Security has long been a serious concern for the airline industry, with a particular increase in the number and degree of restrictions since 9/11. More recently, however, the industry has been forced to reckon with risks that are harder to detect: cyber attacks. In addition to taking place in the invisible space of computer networks, cybersecurity guidelines are constantly changing, and attacks keep evolving. With this in mind, the commercial flight industry is poised to start making significant changes to ensure passenger security.
An Investment Priority
One of the clearest indicators of just how seriously airlines are taking cybersecurity concerns comes from the 2017 Air Transport IT Trends Insights study. Ongoing since 1999, the 2017 study showed 9 out of 10 airlines planned major cybersecurity improvements in the next three years. With a diverse group of airlines represented, including top international companies and small carriers, this response suggests the entire industry is poised to improve cybersecurity standards.
Protected Plane Data
Improving airline system security can take many forms, as a recent attack on British Airways – a credit card skimming hack – demonstrates; while some attacks are focused on flight interference, others are about passenger data or money. As such, protecting airline data will demand an equally diverse approach. Some commercial aviation security systems will prioritize better data distribution processes, along with detection and alerting capabilities, while others focus on the weaknesses in in-flight entertainment. And of course, airlines can’t afford to overlook security weaknesses on their websites and apps that could provide a way in for hackers.

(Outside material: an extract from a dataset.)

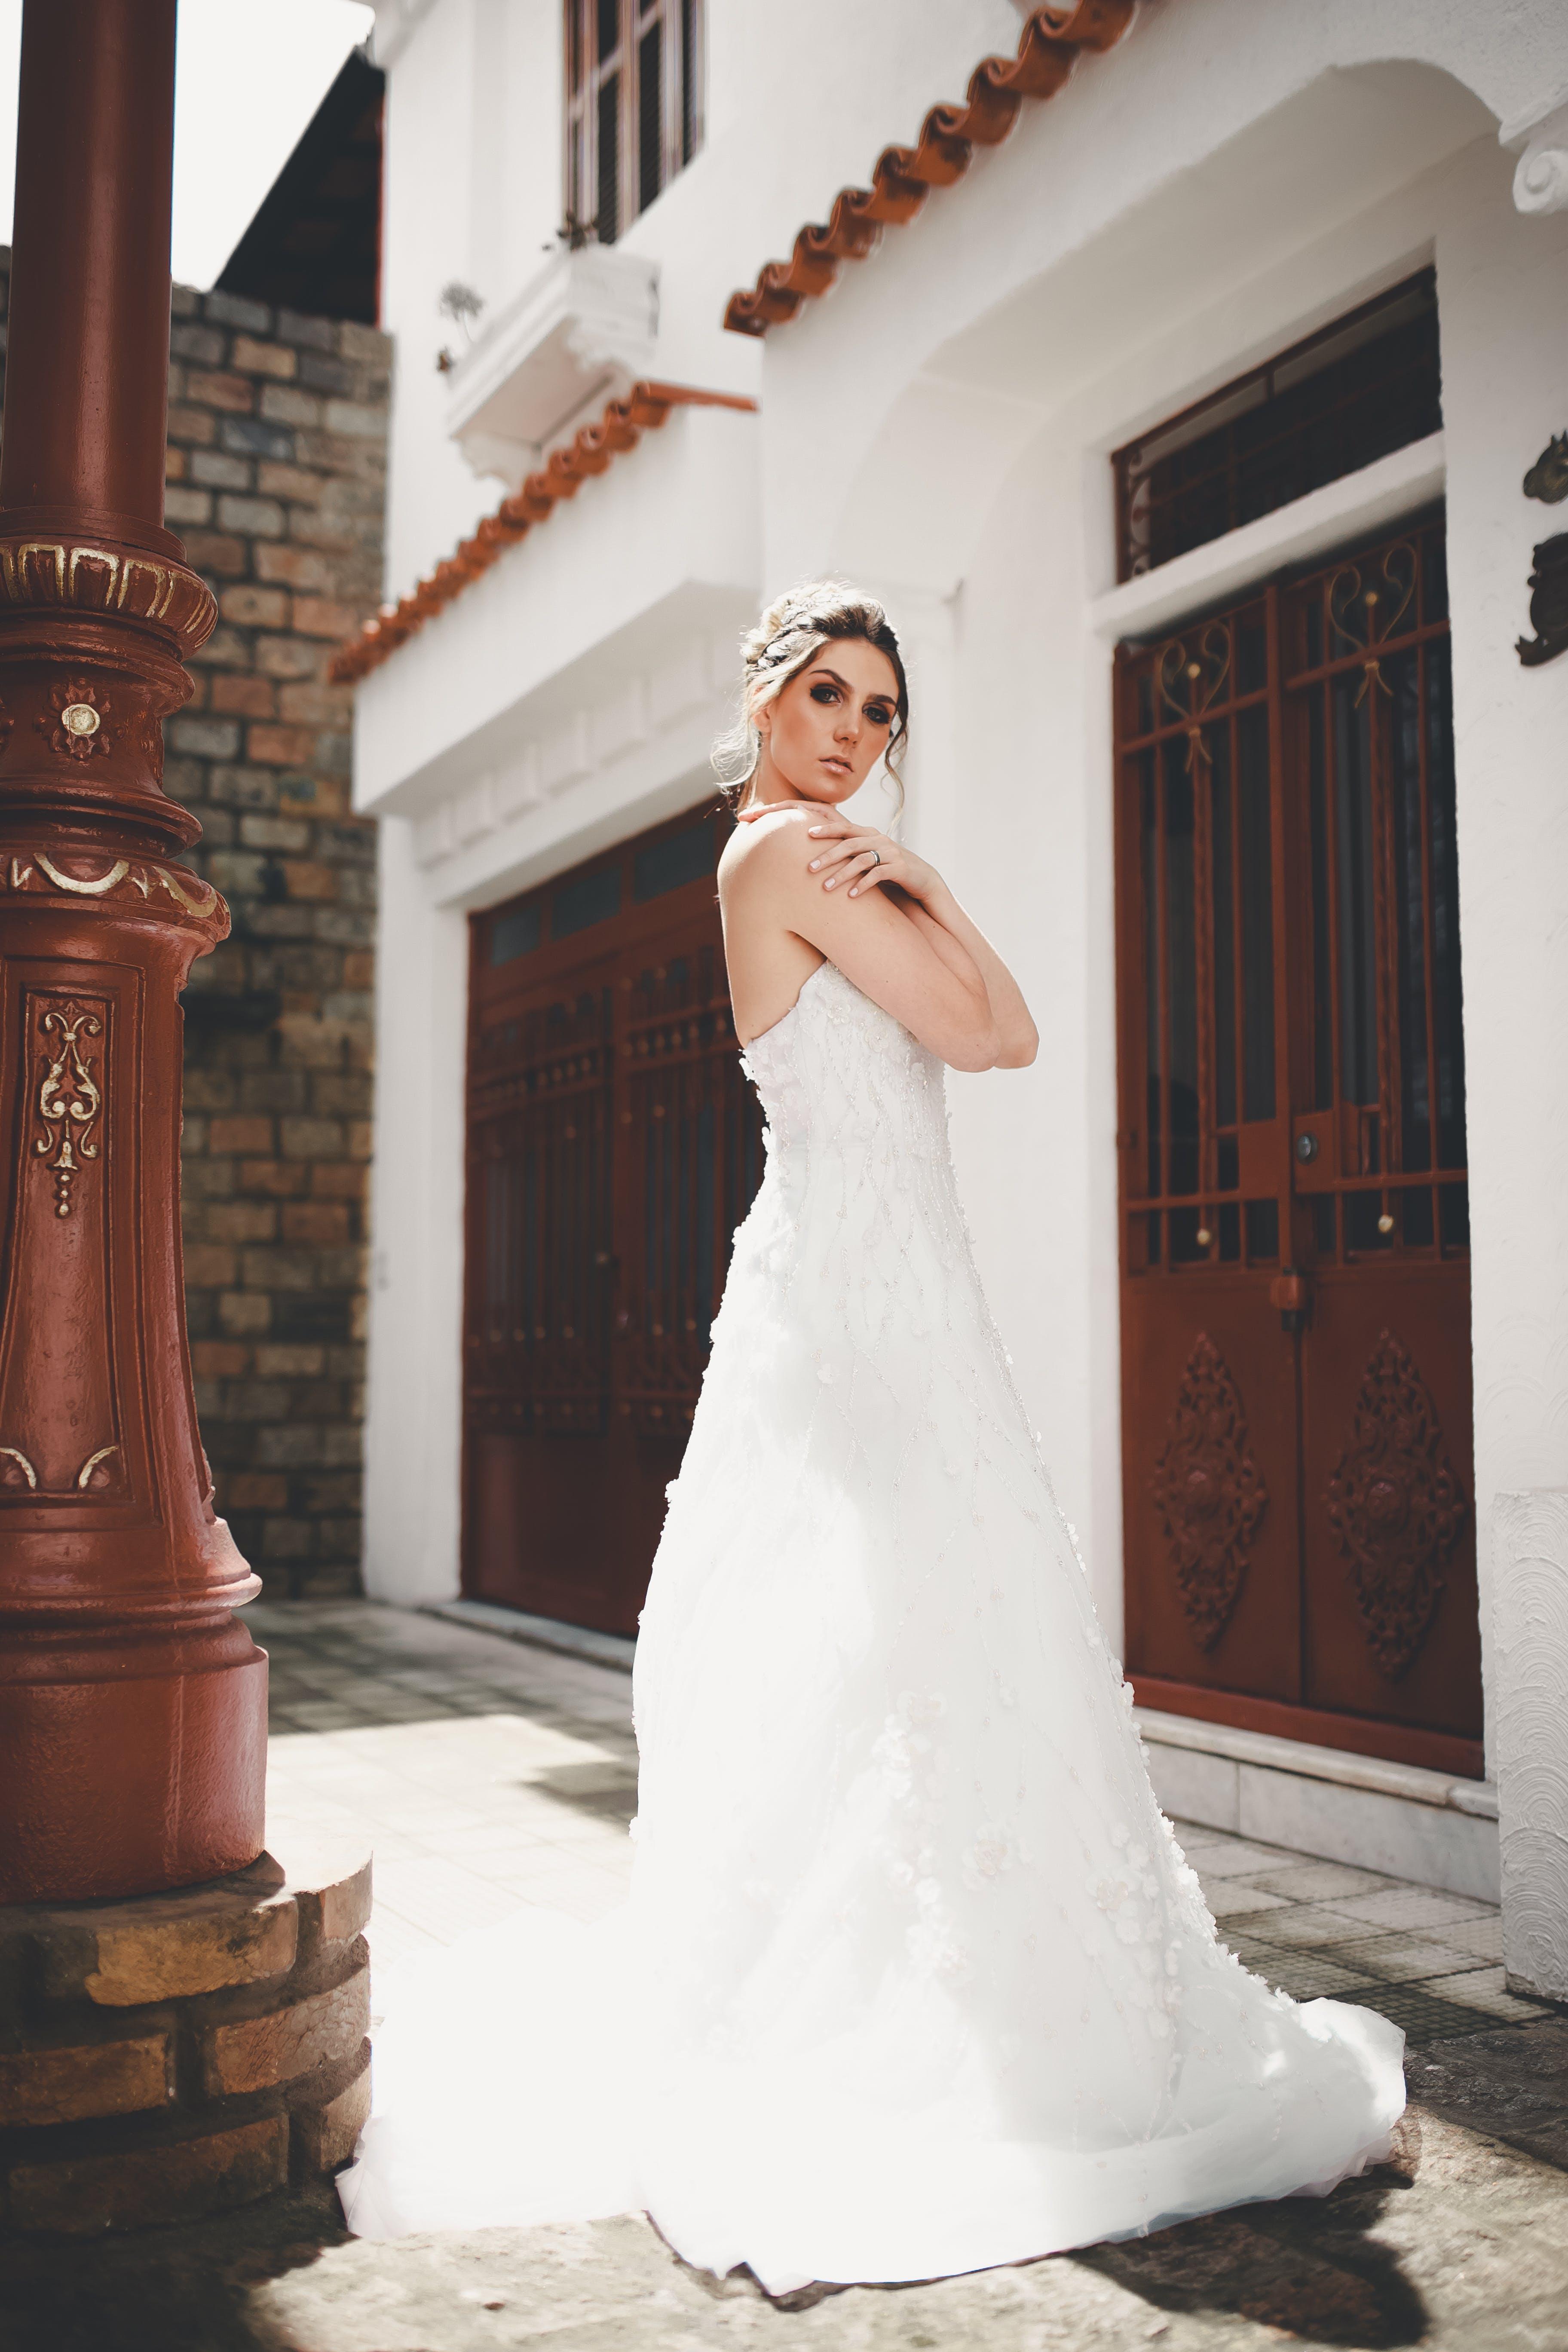 Woman Taking Pose in Her Wedding Dress

Though the British Airways hack didn’t actually impact any flights, in revising their security standards, airlines should be aware that such website-focused threats might actually be the biggest risk facing airlines at present. In one analysis, researchers found that malicious bots make up 43.9% of all airline site traffic. This is almost twice the average of any other industry, and the majority of bots targeting airline sites are moderate to advanced, meaning that they aren’t easily detected. These bots may come from unauthorized online travel agencies, competitors, and, of course, criminals seeking to steal credit card information, loyalty points, and other information.
As for more substantial threats to flights, rather than simple threats against data, the jury is still out. In 2015, for example, a man named Chris Roberts claimed to have used the in-flight entertainment system to take control of some aircraft systems, though his breach was never confirmed, and officials deny he was successful. In contrast, in 2016, cybersecurity experts with the Department of Homeland Security did execute remote penetration of a Boeing 757. They used radio frequency communications, but because this was a test, the plane was safely parked on the tarmac at the time of takeover.
For now, commercial air travel is the safest way to travel in the United States; no one has died in an incident involving an American airline operating inside the states since 2009 – but that doesn’t mean airlines should continue operating at current standards. When it comes to cybersecurity, change is the only constant, and it’s the only way to keep a system, and the people who use it, safe.